Here is a graph from mdpi about how the demand for the different types of electric vehicle batteries is changed over the years. Nickel Cadmium batteries have declined in this, due to the toxicity of the cadmium.
Nickel Cadmium batteries can be found to be used in laptops, camcorders, and other rechargeable types of gadgets.
Nickel Metal Hydride (NiMH) Battery
Nickel Metal Hydride batteries being used in hybrid electric vehicles (HEVs) are different front he lithium-ion batteries of course. Nickel Metal Hydride batteries have a longer lifespan than that of lithium-ion batteries.
Going into the internal structure, the basic difference between lithium-ion batteries and nickel metal hydride batteries is power storage. In Lithium-ion batteries carbon and lithium which store more energy than the other materials. While in the Nickel- metal hydride batteries hydrogen along with titanium is used to store power along with other metals.
The other thing to know is that they don’t get power from an external source, that’s why they are less useful in plug-in electric vehicles. And thus they are used in hybrid electric vehicles more. The weaker side of nickel metal hydride batteries is that they have a higher discharge rate, heat more, and are more expensive.

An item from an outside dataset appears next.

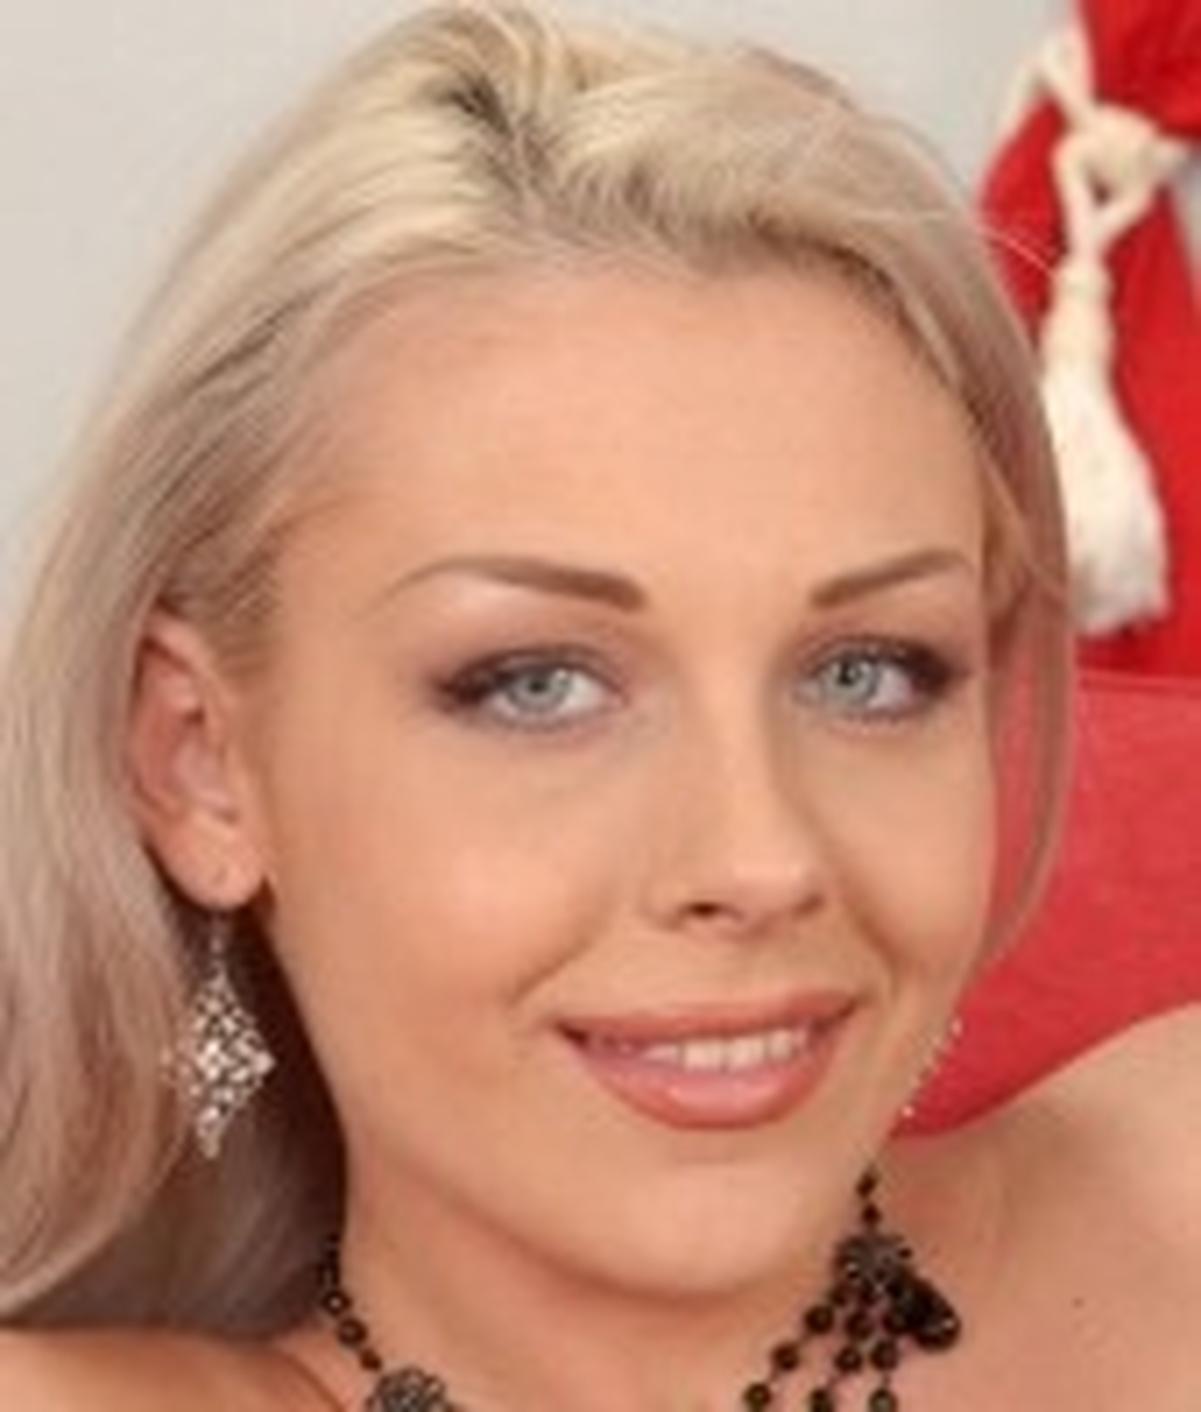 Sophie Angel

Nickel metal hydride batteries are better accepted as they don’t contain harmful and toxic heavy metals which was a problem with nickel-cadmium batteries. The Nickel-cadmium batteries were most economical in the 2000s until the lithium-ion batteries were invented, as mentioned in a Renault group blog.
Solid State Battery
Solid-state batteries are getting discussed because lithium-ion batteries have some disadvantages that solid-state batteries don’t have. There are several reasons why solid-state batteries are better than lithium-ion batteries.
Basically, solid-state batteries contain solid ingredients which completely replace the liquid and heavy electrolytes in lithium-ion batteries. The concept of the solid state is, liquid electrolytes with the help of solid ingredients can take the form of polymers or powders. These solid electrolytes make it more compact. The bulkiness of lithium-ion batteries can be solved by solid-state batteries. Solid-state batteries are new to the automobile market and in the electric vehicle market.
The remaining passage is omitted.